Table 6. Experimental values obtained and used to develop the prediction model of alcoholic degree from yeast concentration, temperature and volume of alcohol.

AD (Experimental)	Yeast Concentration C (g·L−1)	Alcohol Volume Va (mL)	Yeast Concentration/Alcohol Volume (C/Va)
32.5	0.15	33.67	0.0045
32.6	0.2	32.33	0.0062
31	0.25	33.33	0.0075
33.7	1.5	39.00	0.0385
36.2	2	36.33	0.0550
40.1	2.5	40.33	0.0620
38.5	2.5	40.00	0.0625

shows the alcoholic degrees obtained in every trial. A new predictive model was developed to predict alcoholic degree from the evaluated values: initial concentration of yeast used (C), temperature (T) and the volume of alcohol (V_a).

Equation (7) shows the relationship obtained between alcoholic degree and initial concentration of yeast (C), temperature (T) and the volume of alcohol (V_a). This equation has been derived with the Table Curve 3D program. This model has an adjusted coefficient of determination of 0.9701.

$$AG=58.15+129.05\cdot \frac{C}{V_a}+7.75\cdot \ln T$$

(7)

4. Conclusions

Two predictive models were obtained for the fermentation of cane juice using Saccharomyces cerevisiae as active agent.
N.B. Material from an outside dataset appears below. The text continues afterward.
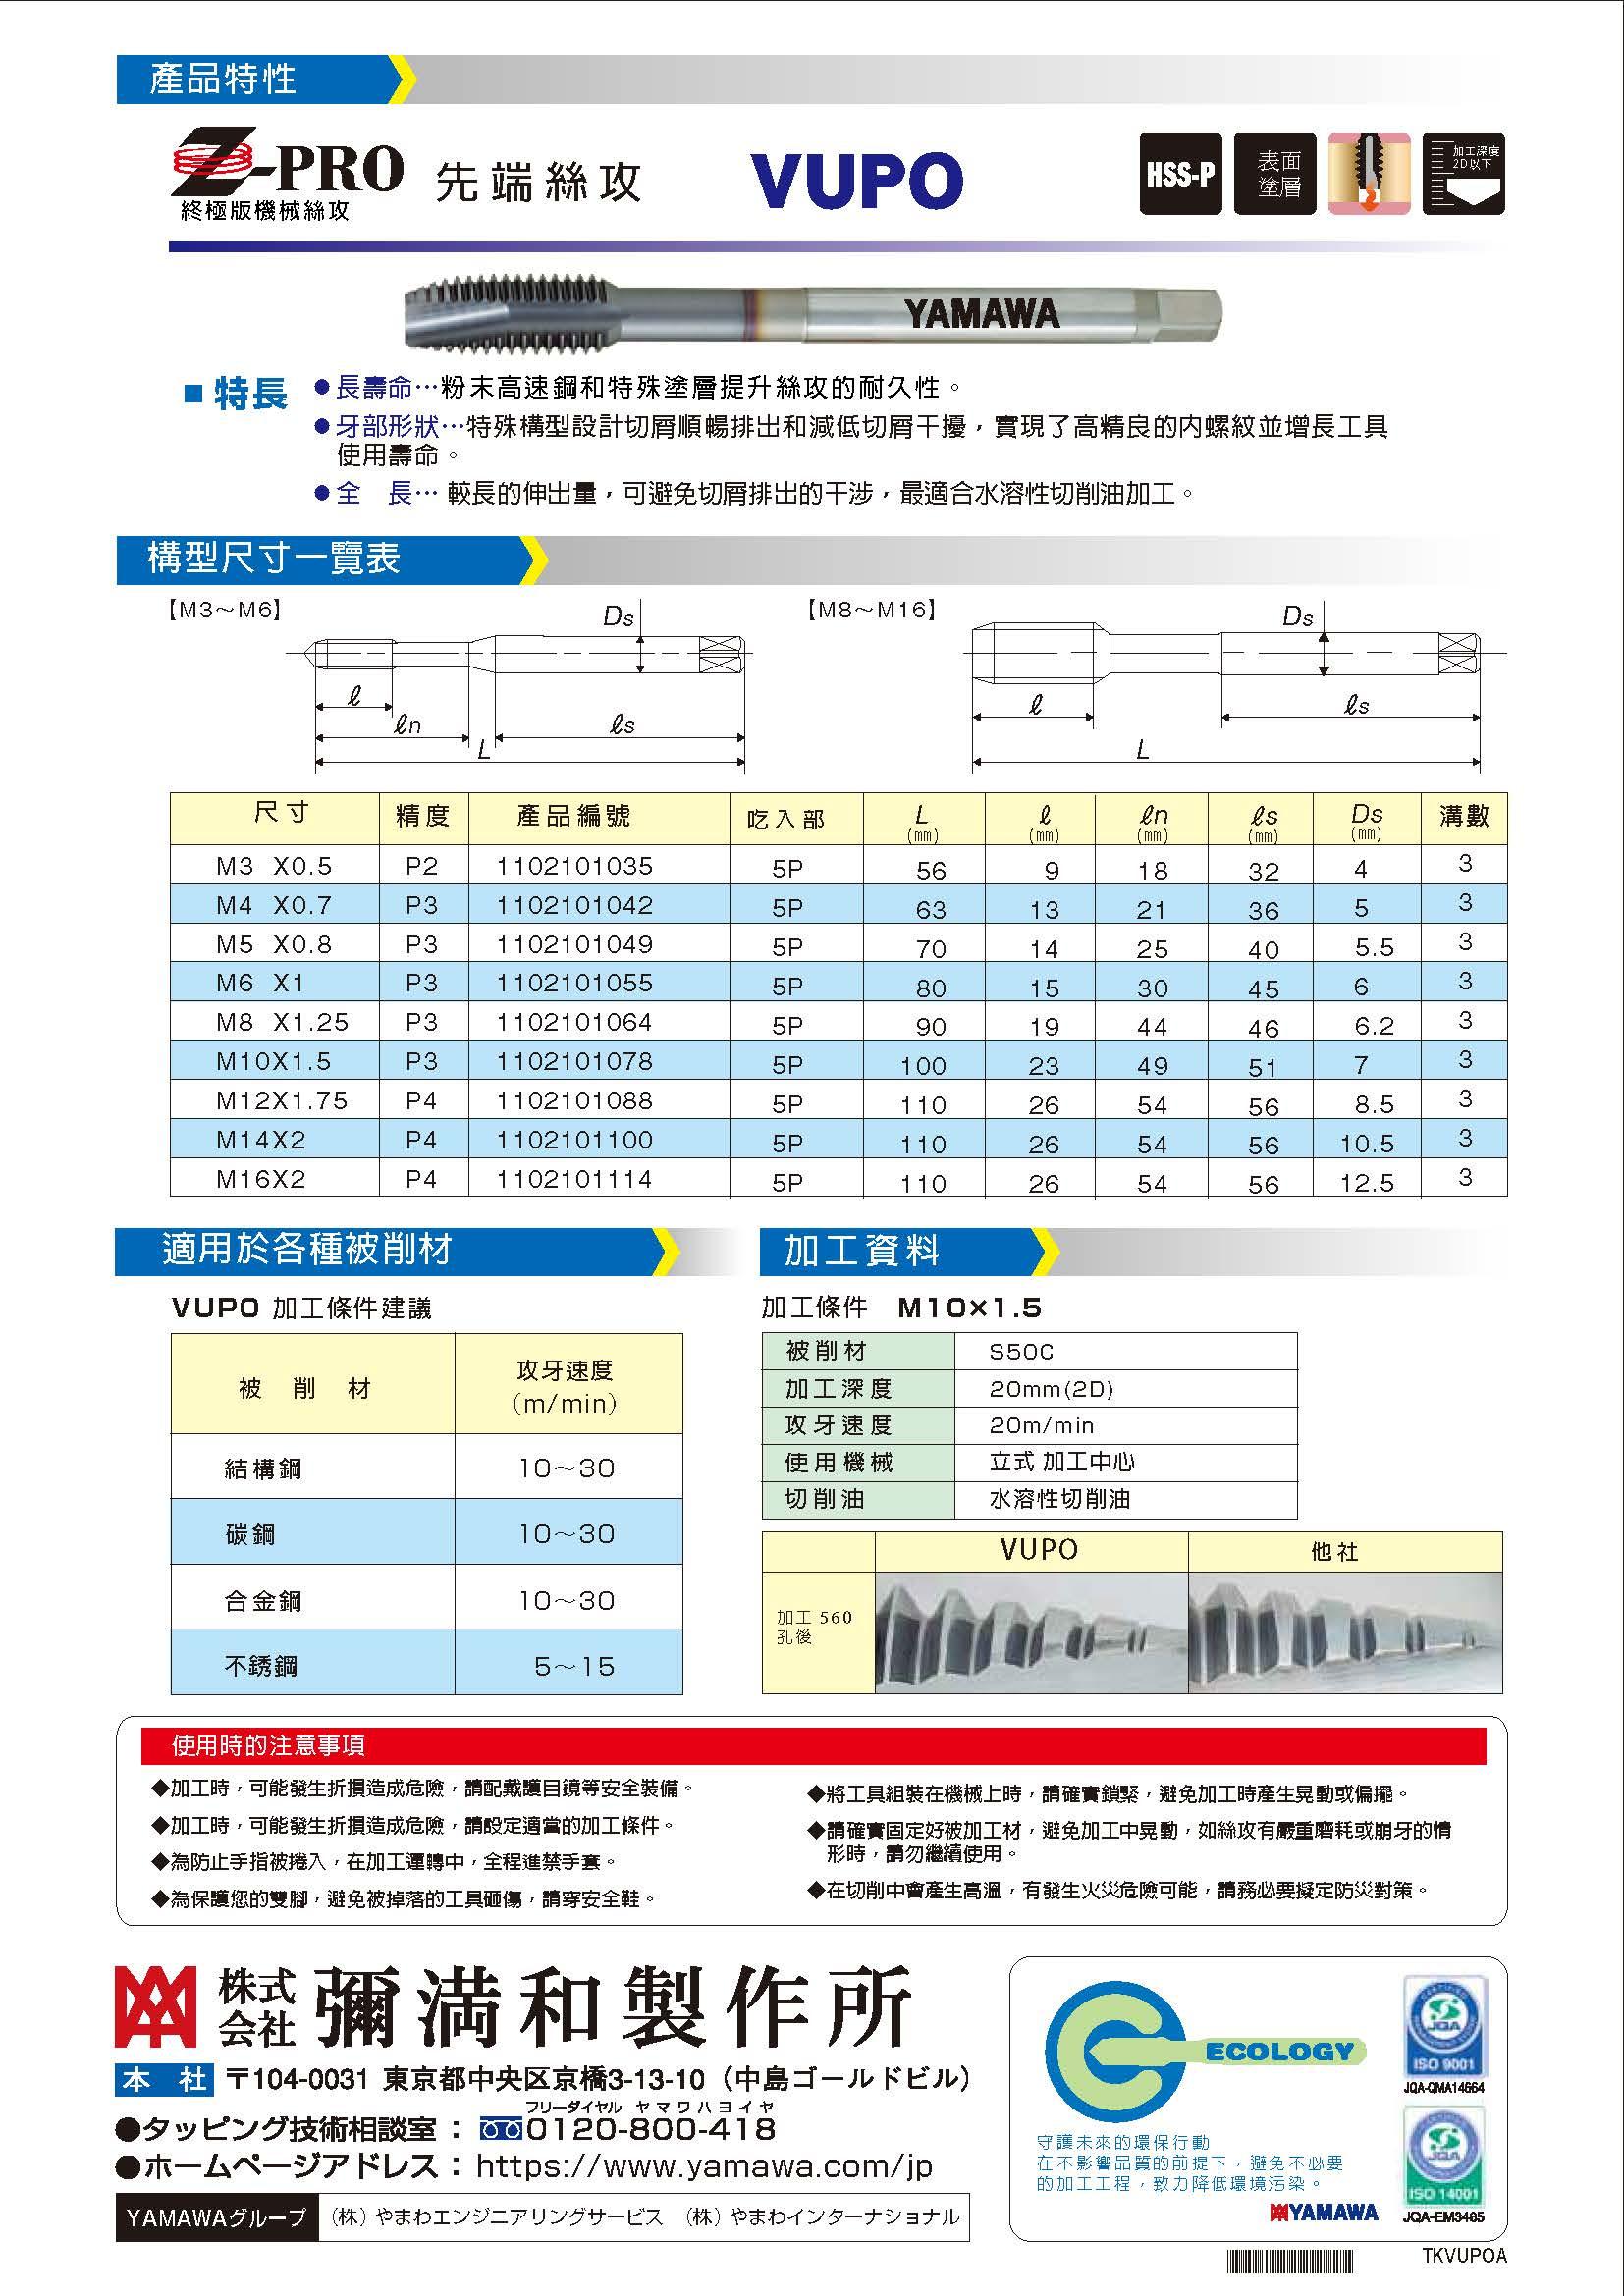 页面提取自--中VUPO-A4-2

First, the amount of alcohol and its quality has been obtained from the variation of ^oBrix, initial concentration of yeast between 0.15 and 2.5 g·L⁻¹ and a temperature range between 30 and 40 °C. It has been demonstrated that the reaction follows a first order kinetic model, with an average adjusted coefficient of determination of 0.98. Second, another model to estimate the alcohol quality from alcoholic degree measurements was established after the distillation of the must. This model had an adjusted coefficient of determination of 0.97. Deviations of experimental values were less than 4%. The results indicate that the predictive models have enough accuracy. They were validated experimentally. The proposed system is quite cheaper than other methods to control the process, such as sensor-based online methods, NIR, fluorescence, etc. Therefore, this approach is suitable for use in rural communities with limited resources and allows the promotion of sustainable development projects in economically depressed areas.